Cloud service providers (CSPs) such as Google, Amazon, and Microsoft could be facing new regulatory challenges in the European Union (EU) as the region is reportedly working on a draft rule that will force non-European CSPs to join hands with European firms if they want to handle sensitive data on the cloud. An EU cybersecurity label will be issued to CSPs if they plan to handle sensitive data, and it will be contingent on the requirement that a joint venture is formed between a non-European cloud provider and an EU firm, with the latter having a majority stake in this partnership.
The draft document, seen by Reuters, has other notable restrictions too. Personnel who have access to sensitive data should reside in the EU and need to pass a screening process in order to be eligible for this role. Additionally, the cloud services hosting this data should be operated and maintained from the EU, and any data processing should similarly take place inside this geographical boundary. Moreover, stricter penalties will apply to a CSP if a data breach results in negative impacts on public safety, human health, or intellectual property. Another excerpt from the document also reads:
‘Certified cloud services are operated only by companies based in the EU, with no entity from outside the EU having effective control over the CSP (cloud service provider), to mitigate the risk of non-EU interfering powers undermining EU regulations, norms and values.

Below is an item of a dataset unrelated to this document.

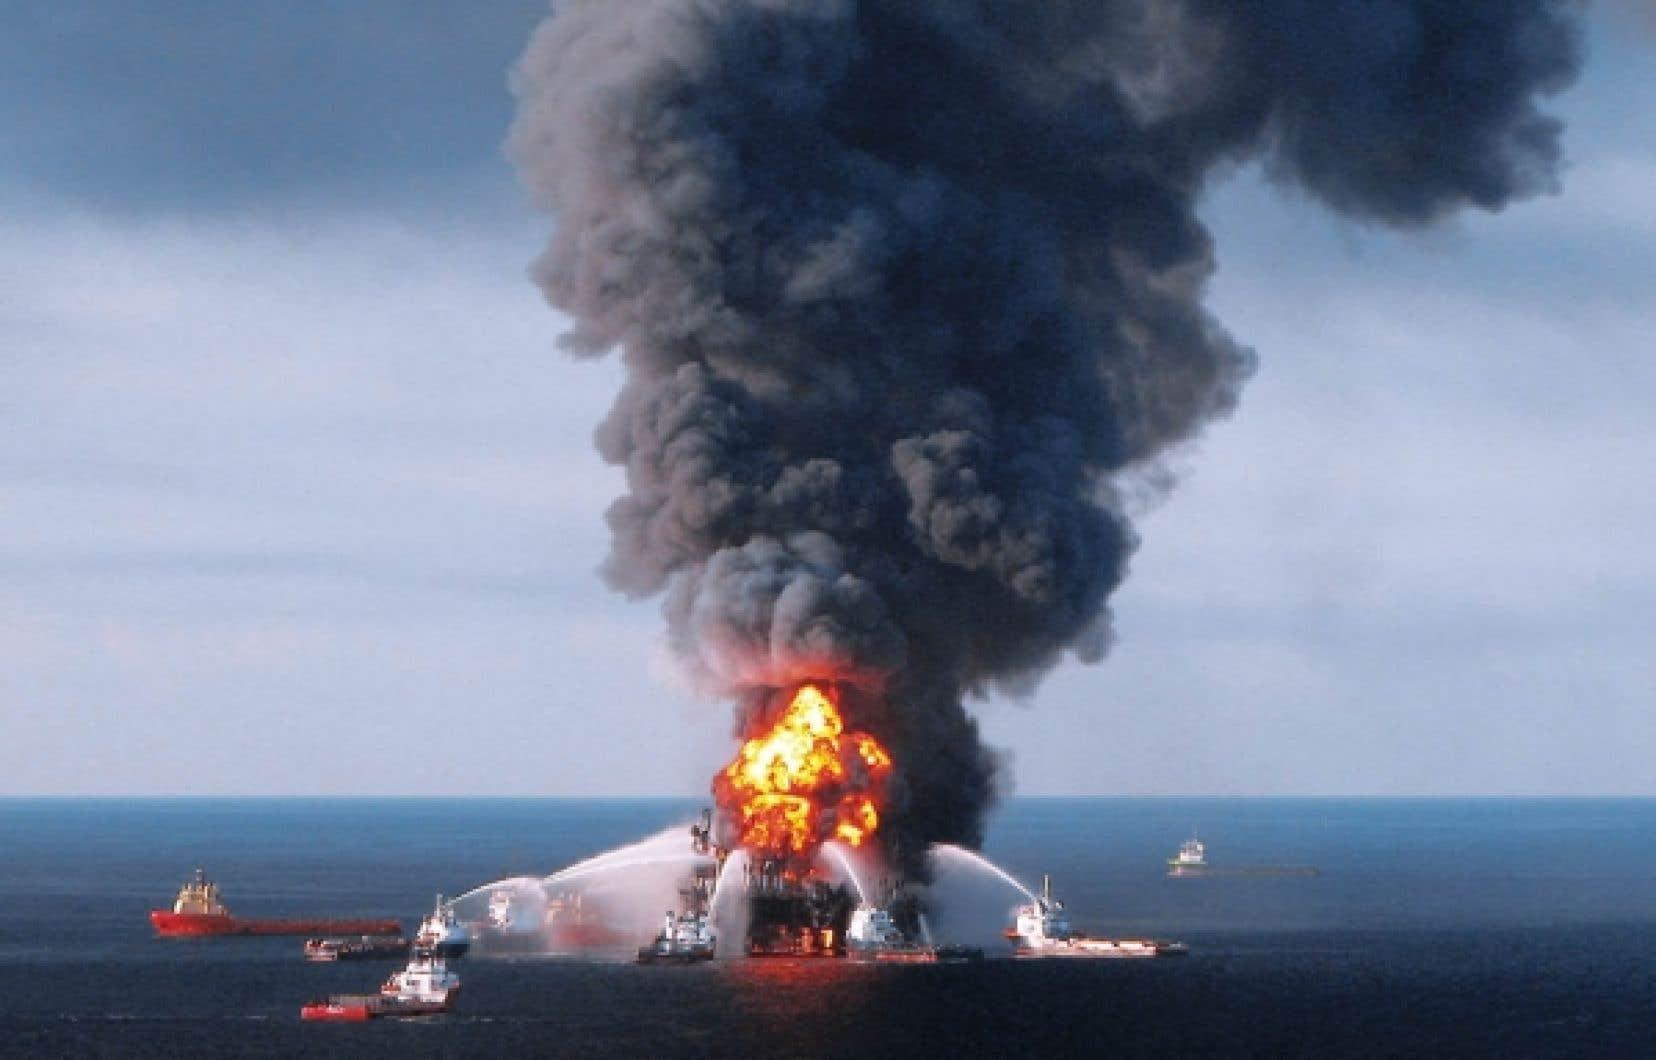 Le 21 avril 2010, les sapeurs de la garde-côte des États-Unis tentaient d'éteindre le feu sur la plateforme Deepwater Horizon, dans le golfe du Mexique. <br />

Undertakings whose registered head office or headquarters are not established in an ember State of the EU shall not, directly or indirectly, solely or jointly, hold positive or negative effective control of the CSP applying for the certification of a cloud service.’

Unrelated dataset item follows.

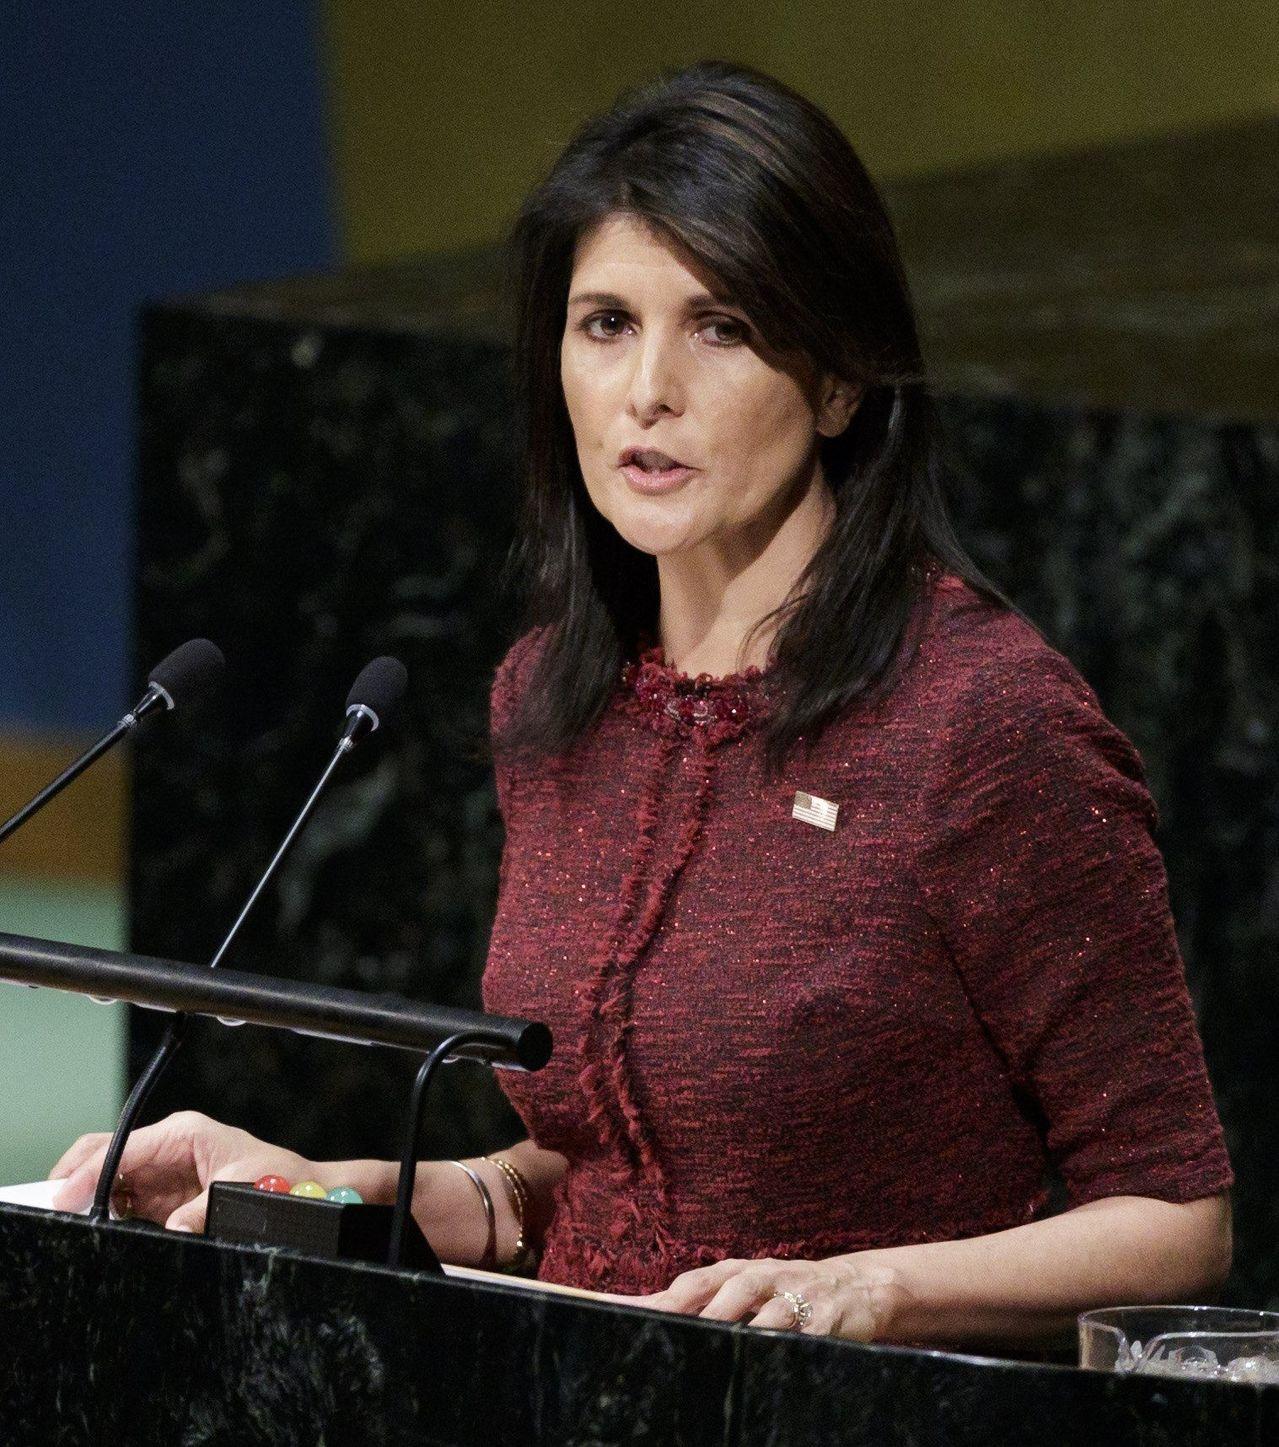 美國駐聯合國大使海理:「美國會記住這一天,在聯合國大會上被群起攻之。」(圖/歐新...

If the draft rule becomes law, it will have major implications for both non-European CSPs and their European customers. In order to comply with the law, the two parties will have to ensure that the EU’s cybersecurity label is present on the cloud services being utilized. The requirement may even impact businesses already using platforms such as Microsoft Azure, Amazon Web Services (AWS), and Google Cloud Platform (GCP) for their processes involving sensitive data, as they will be required to have the cybersecurity label in place in order to continue.
The timeline for the rollout of these new rules is currently unknown, which makes sense given that it’s currently in the draft stage. Countries in the EU bloc are expected to review this document later this month.